* Given data:
---------------
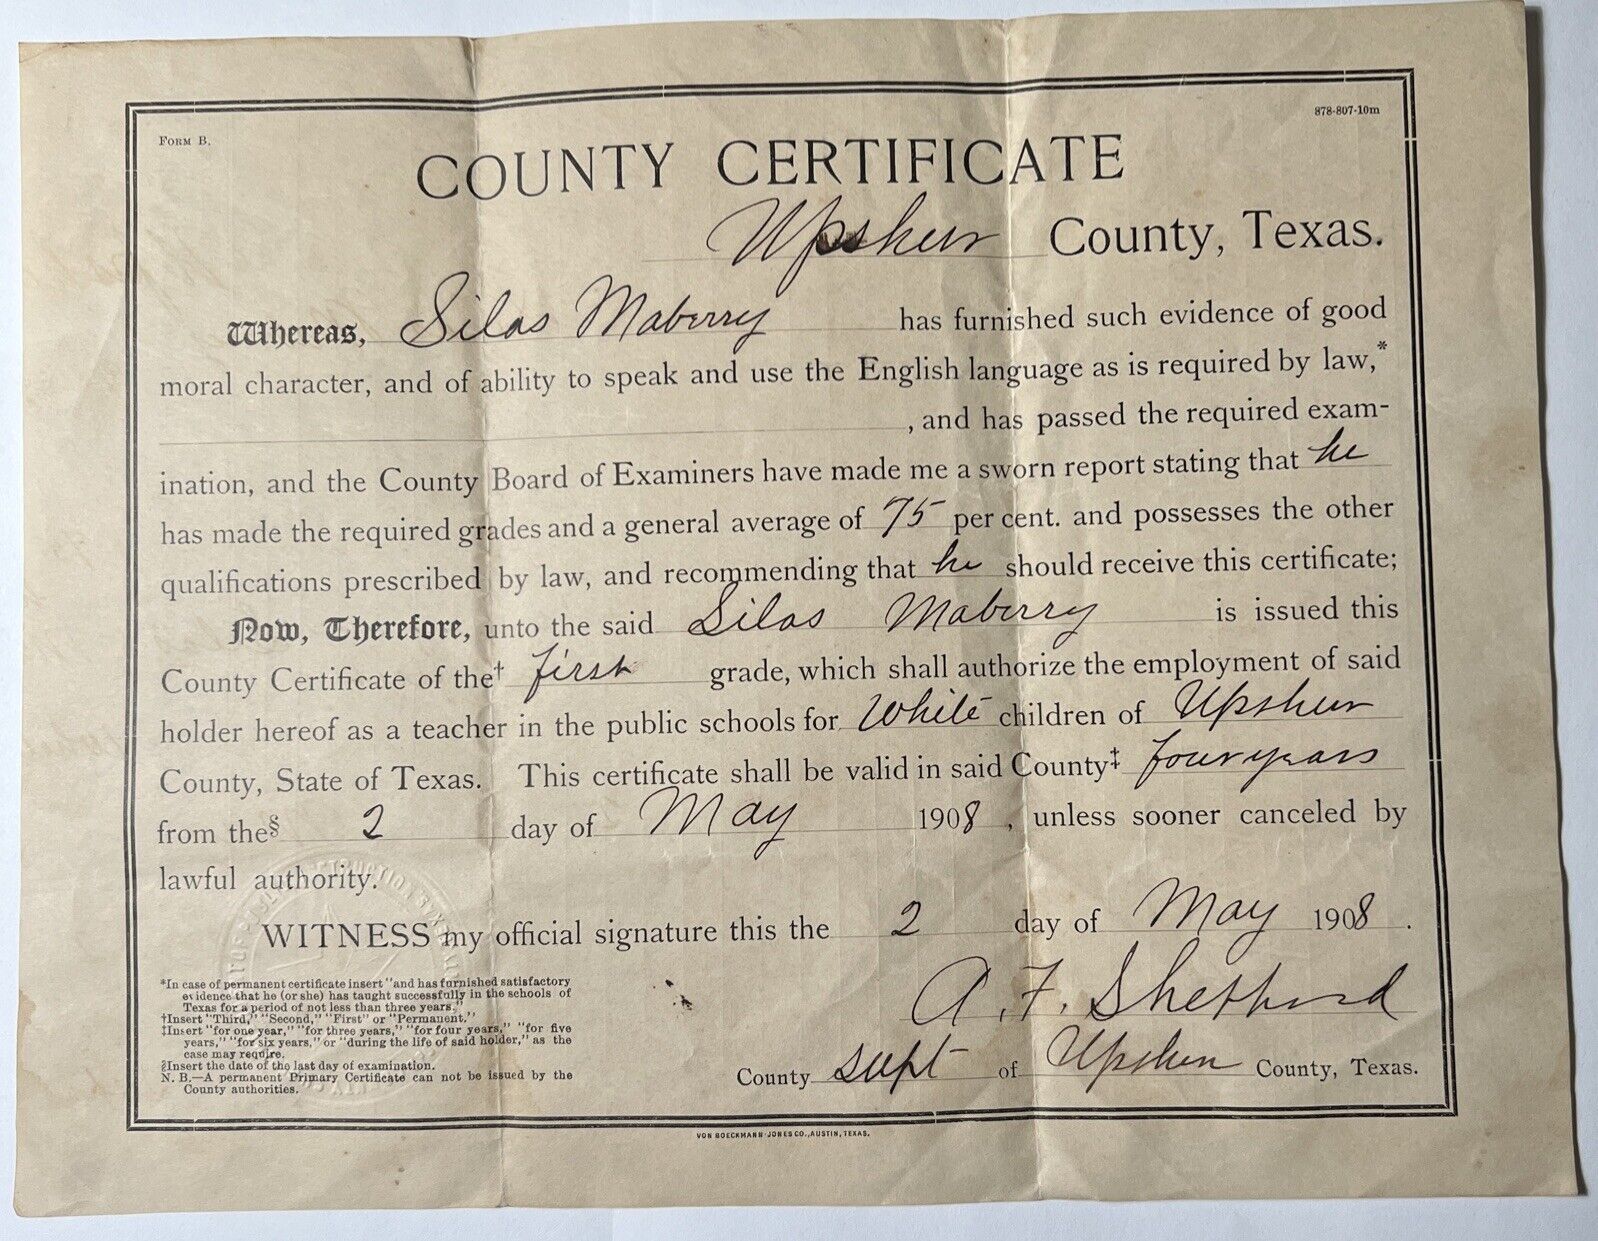 1908 UPSHUR county TEXAS Public School Teaching Certificate for WHITE CHILDREN
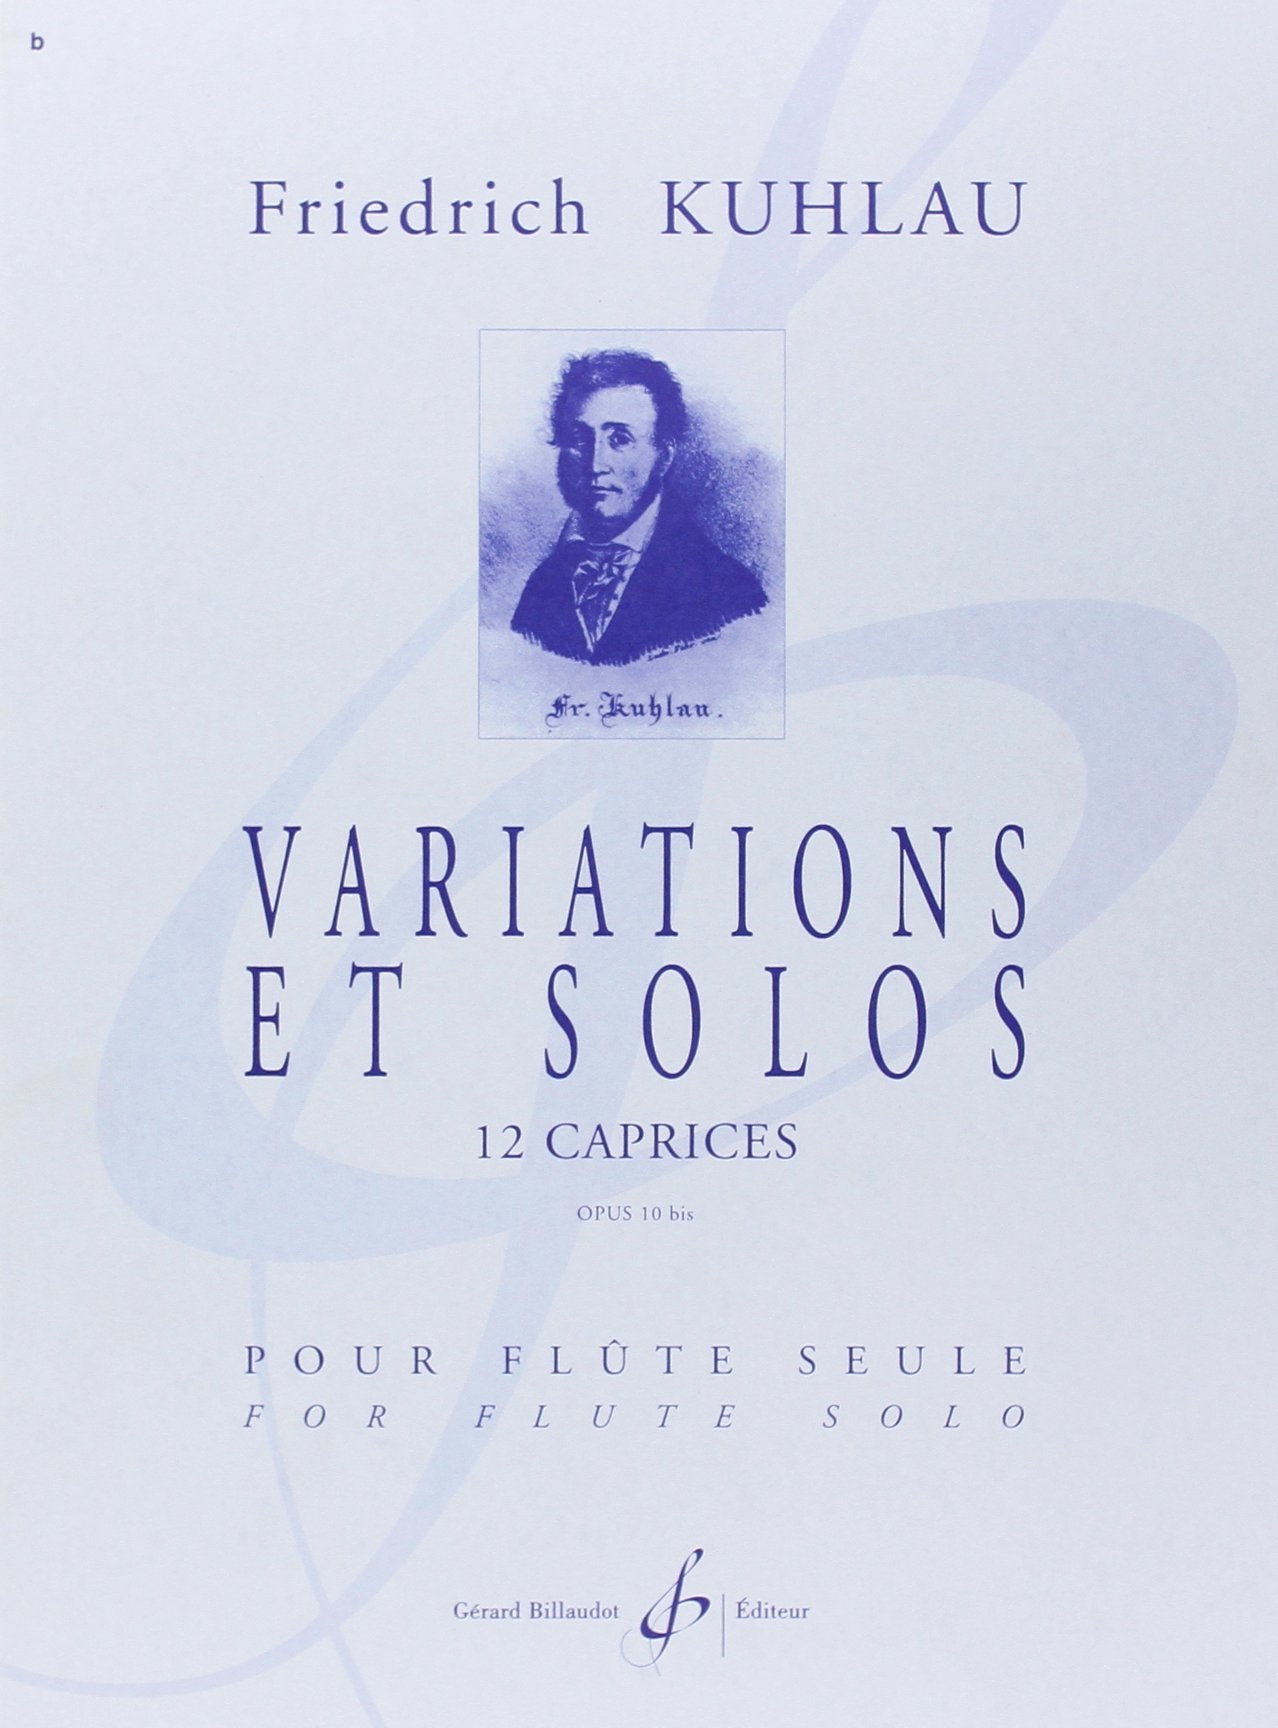 Kuhlau: Variations & Solos (12 Caprices) Op. 10 bis for Flute
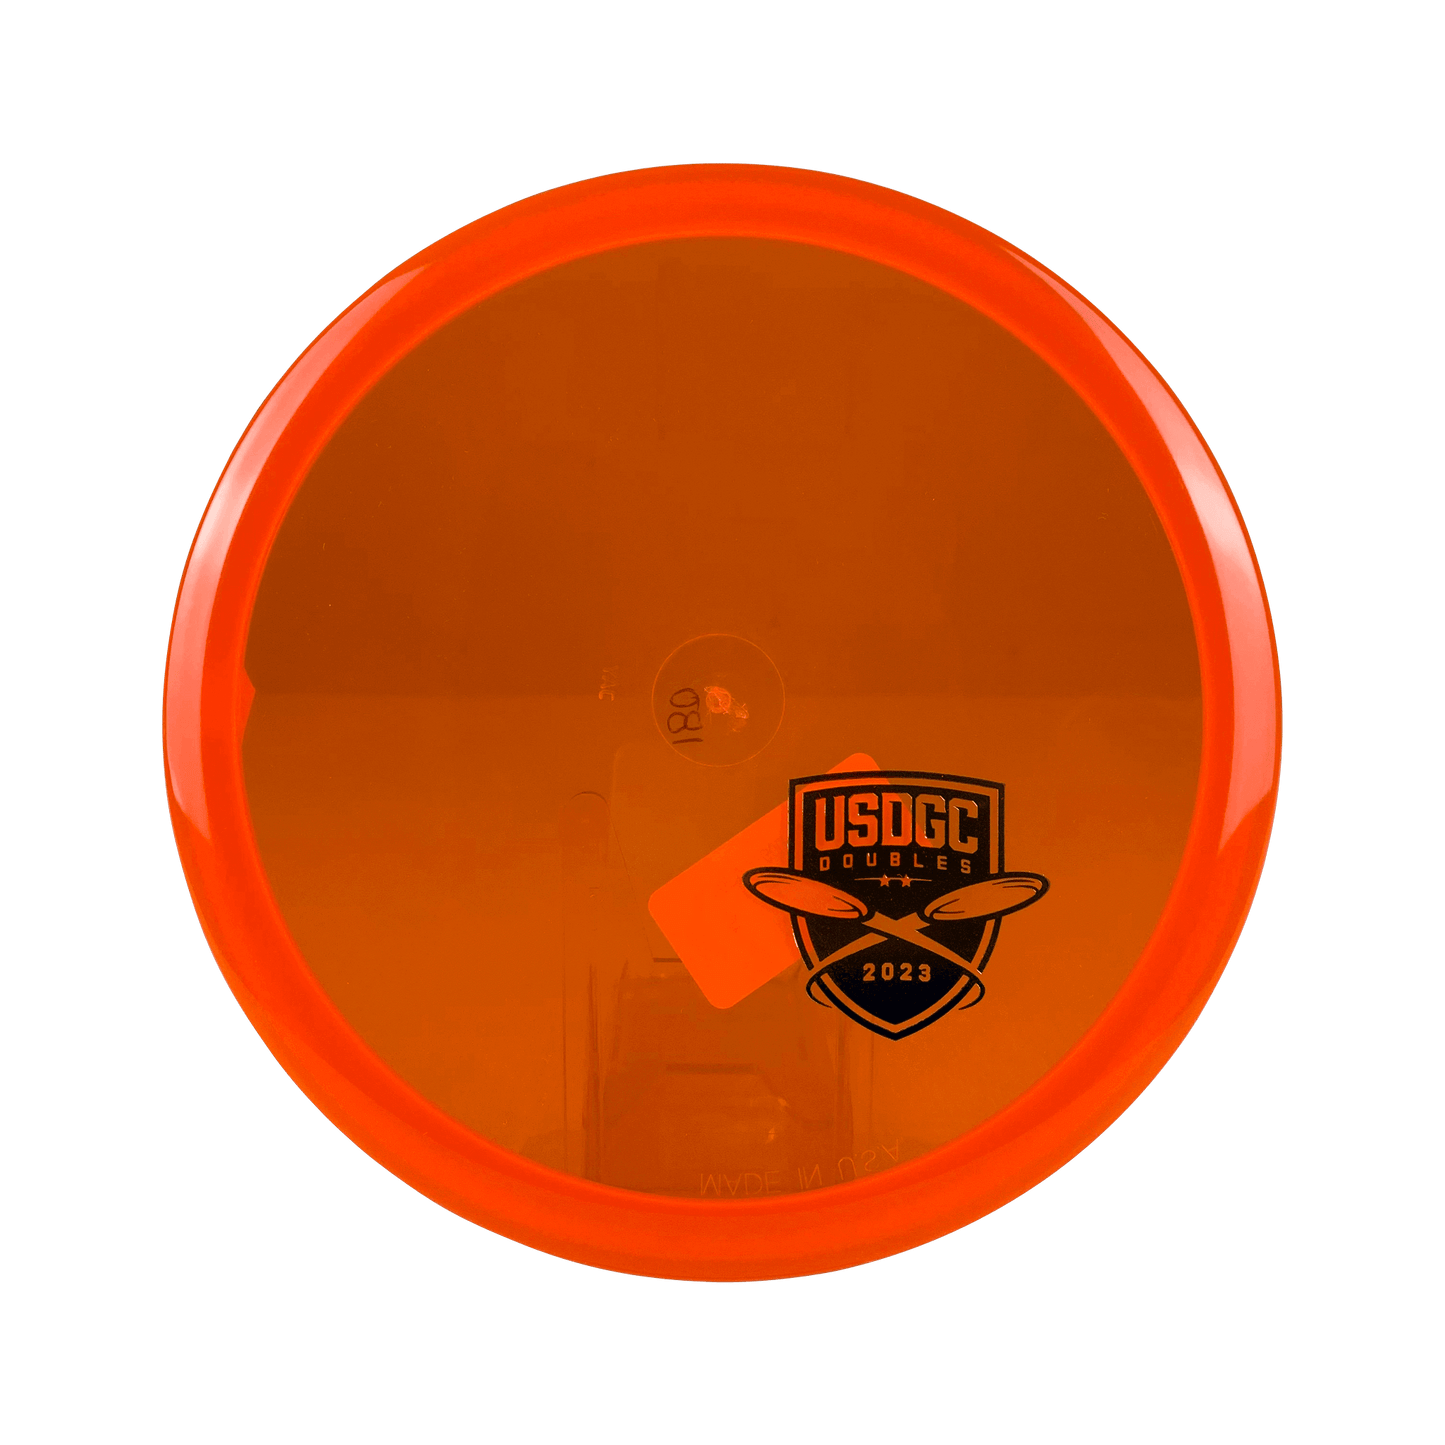 Champion Jay - USDGC Doubles Disc Innova orange 180
---------------
* Your goal: Everything in the listing must be restated word for word, except for the pictures.

* Answer section:
 1908 UPSHUR county TEXAS Public School Teaching Certificate for WHITE CHILDREN
 Kuhlau: Variations & Solos (12 Caprices) Op. 10 bis for Flute
 Champion Jay - USDGC Doubles Disc Innova orange 180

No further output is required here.